This year, as I sat on the river-smoothed basalt with my feet in the cold rushing Deschutes, I waited. I waited for that moment of connection that always comes, the moment I become conscious of what’s always true: river, birds, canyon walls, sky, and I are one. Words will forever be inadequate to express this deep feeling of oneness with Earth and her creatures. What feels authentic and necessary is to rest in that oneness and praise it.
Praise be to you, oh river. Praise be to you, oh dipper. Praise be to you, oh canyon. Praise be to you, clouds and swallows and vultures. Praise be to you, oh my body that brings me here. Praise be to Earth and all who dwell within her.
I’ve been away for a while, finishing my novel. It’s my second big pandemic project. (My first one was becoming a Certified Wayfinder Life Coach. I finished my training back in 2012 but never jumped through the certification hoop.)

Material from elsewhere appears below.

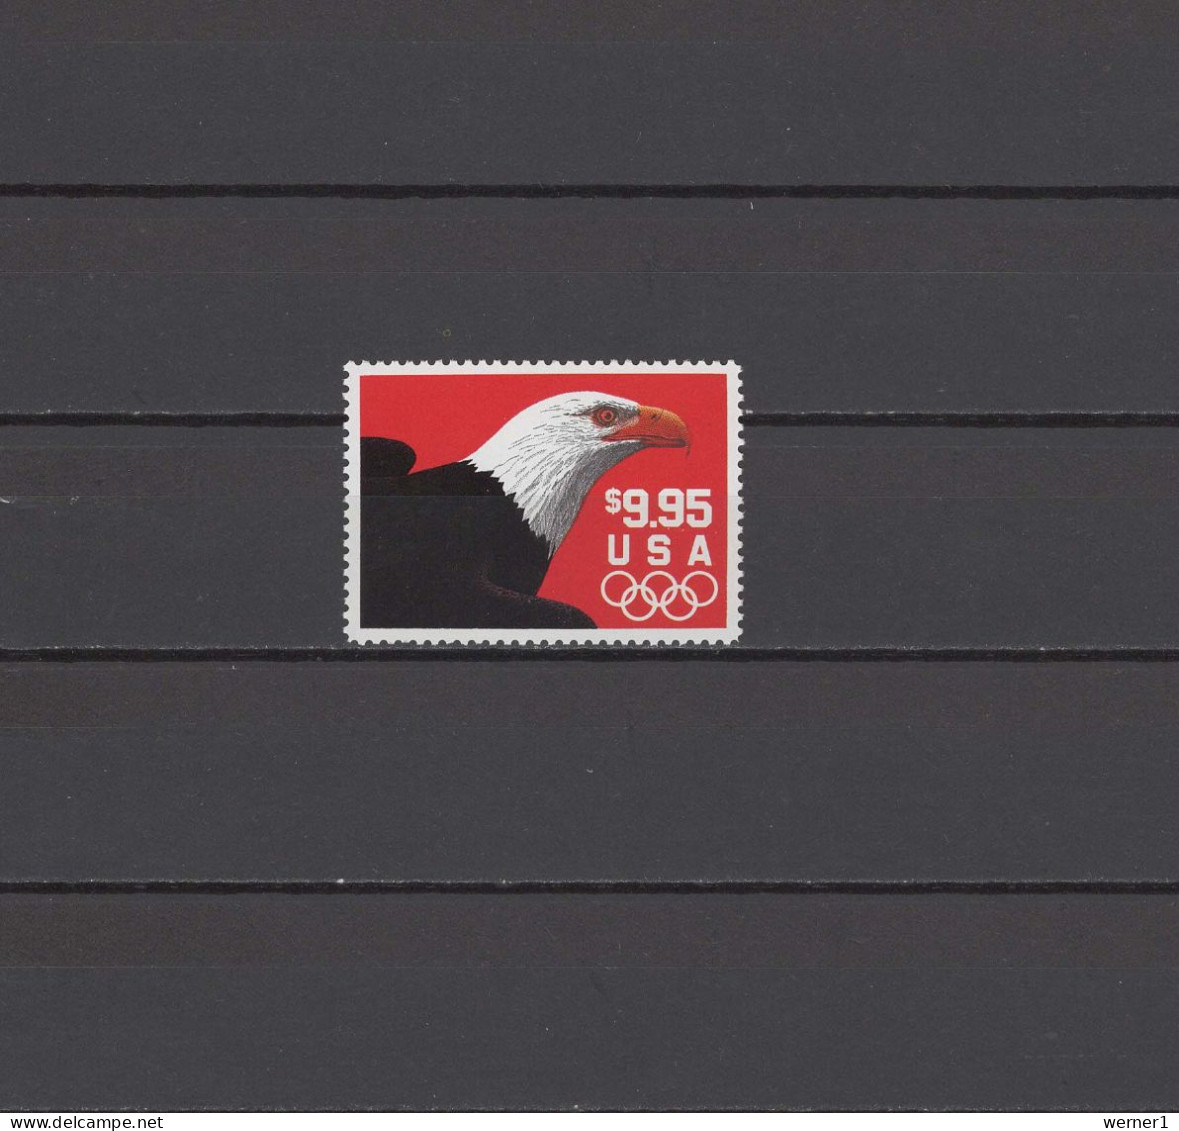 USA 1991 Olympic Games, Eagle 9.95$ Stamp MNH - Verano 1992: Barcelona

This novel erupted out of me in March of 2017. Its seed was a dream I had about a woman walking the Camino de Santiago who follows her soul’s urging to step through a little door into a Spanish church. Magic things happen. I totally “pantsed” it, a writing term that means I made it up as I went along. Magic happened because I pantsed it. I would never have had the courage to write some of what I wrote if I’d been following an outline.
Finishing this work has been challenging for me. I’ve shared bits and pieces on this blog, made sporadic attempts to edit and revise, but couldn’t muster up the energy to buckle down and get ‘er done. I’ve had to write connecting scenes and invent characters to make it all make sense. I’ve never written a novel before, and since I think I need to do everything perfectly the first time, whether I’ve done it before or not, I got just a wee bit stymied.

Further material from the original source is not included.